Kinetic modeling of fermentation processes is challenging due to complex micro-organism reactions and incomplete system knowledge. We have developed a hybrid modeling approach that combines kinetic and data-based models to improve accuracy and robustness. By integrating a deep neural network (DNN) with the kinetic model, we predict uncertain parameters and capture time-varying dependencies. The developed model is tested against an industrial-scale fermenter with a capacity of over 100,000 gallons. In the chemical industry, digital twins and optimal control algorithms are important for profitability. To overcome the challenges of limited sensors and infrequent measurements, we design a multi-rate state observer and a model predictive controller (MPC) for an industry-scale fermentation process to optimize input profiles and enhance productivity while considering process constraints.

Literature:

Shah, P., Sheriff, M. Z., Bangi, M. S. F., Kravaris, C., Kwon, J. S. I., Botre, C., & Hirota, J. (2023). Multi‐rate observer design and optimal control to maximize productivity of an industry‐scale fermentation process. AIChE Journal, 69(2), e17946.

Shah, P., Sheriff, M. Z., Bangi, M. S. F., Kravaris, C., Kwon, J. S. I., Botre, C., & Hirota, J. (2022).

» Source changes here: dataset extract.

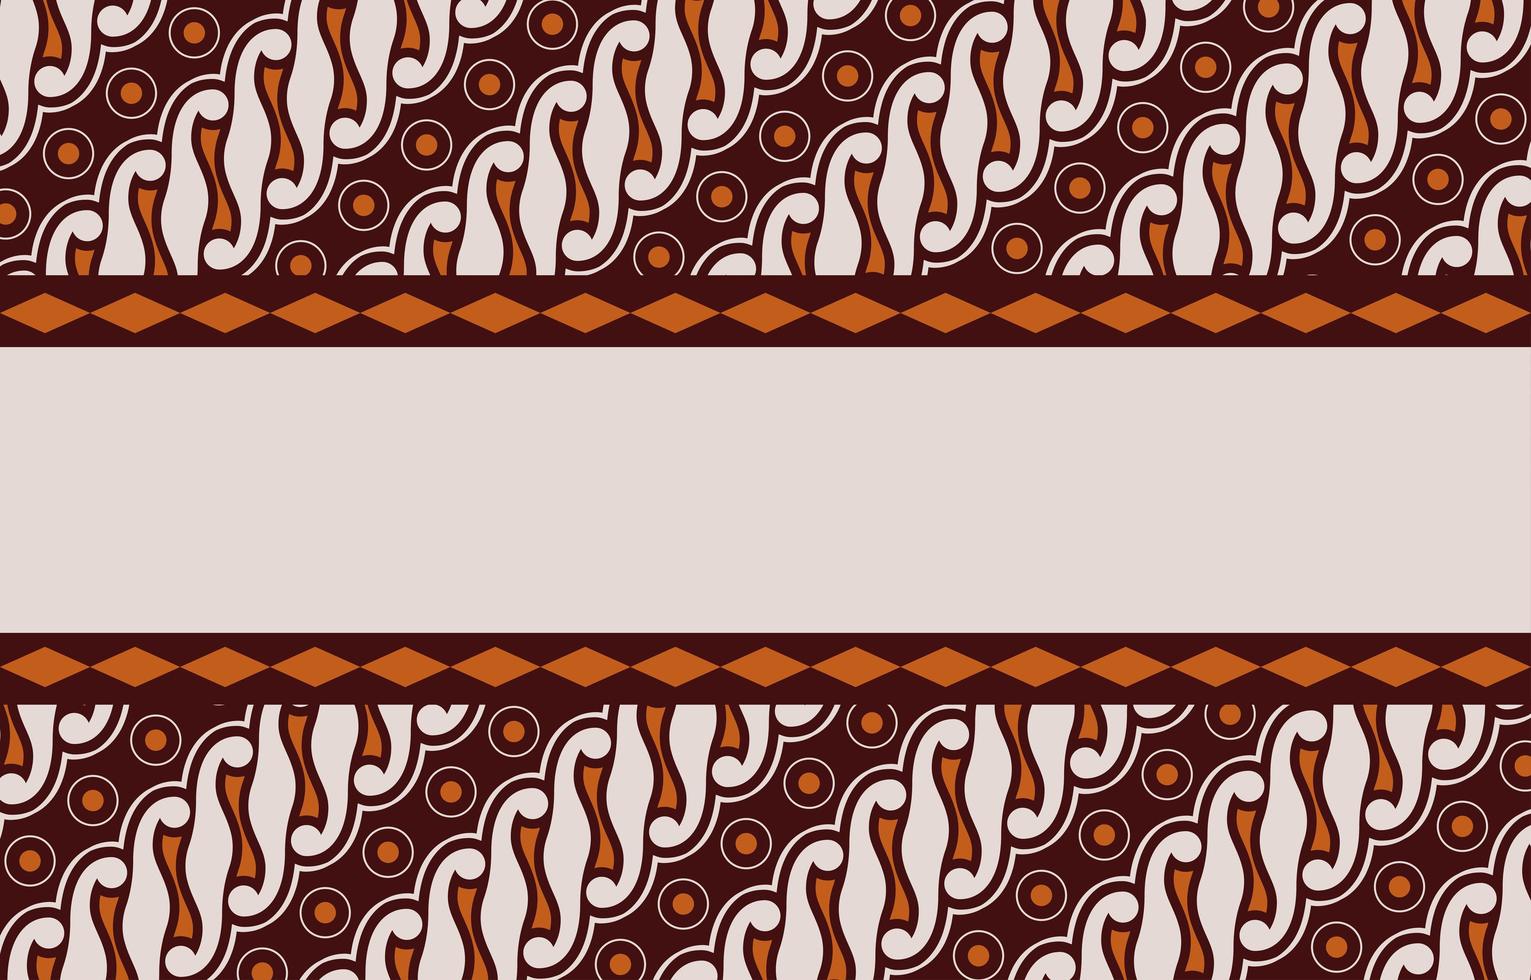 Batik-Hintergrundvorlage vektor

Deep neural network-based hybrid modeling and experimental validation for an industry-scale fermentation process: Identification of time-varying dependencies among parameters. Chemical Engineering Journal, 441, 135643.

Our research group focuses on hybrid modeling, which combines physics-based models with data-driven techniques. While first-principles models capture process dynamics, they require significant resources and may struggle with complex mechanisms. Data-driven models are easy to construct but lack extrapolation and interpretability. We aim to develop efficient hybrid models that outperform machine learning-based models in terms of extrapolation and interpretation. Our approach involves using hybrid models to estimate unknown system dynamics in bio-fermentation. We develop first-principles models, conduct sensitivity analysis, and estimate time-varying parameters using neural networks. We have collaborated with multiple industrial partners and validated our models using data from lab-scale and industry-scale processes to ensure robustness. These hybrid models are integrated into a model predictive controller for optimal operation, enhancing productivity and cost efficiency while considering constraints. Our goal is to advance hybrid modeling, improve process understanding, and optimize chemical process operations through integration with state-of-the-art machine-learning approaches.

Literature:

Shah, M. Z. Sheriff, M. S. F. Bangi, C. Kravaris, J. S.-I. Kwon, C. Botre, and J. Hirota, “Deep neural network-based hybrid modeling and experimental validation for an industry-scale fermentation process: Identification of time-varying dependencies among parameters,” Chemical Engineering Journal, vol. 441, p. 135643, 2022.

Bangi, Mohammed Saad Faizan, and Joseph Sang-Il Kwon. “Deep hybrid modeling of a chemical process: Application to hydraulic fracturing.” Computers & Chemical Engineering 134 (2020): 106696.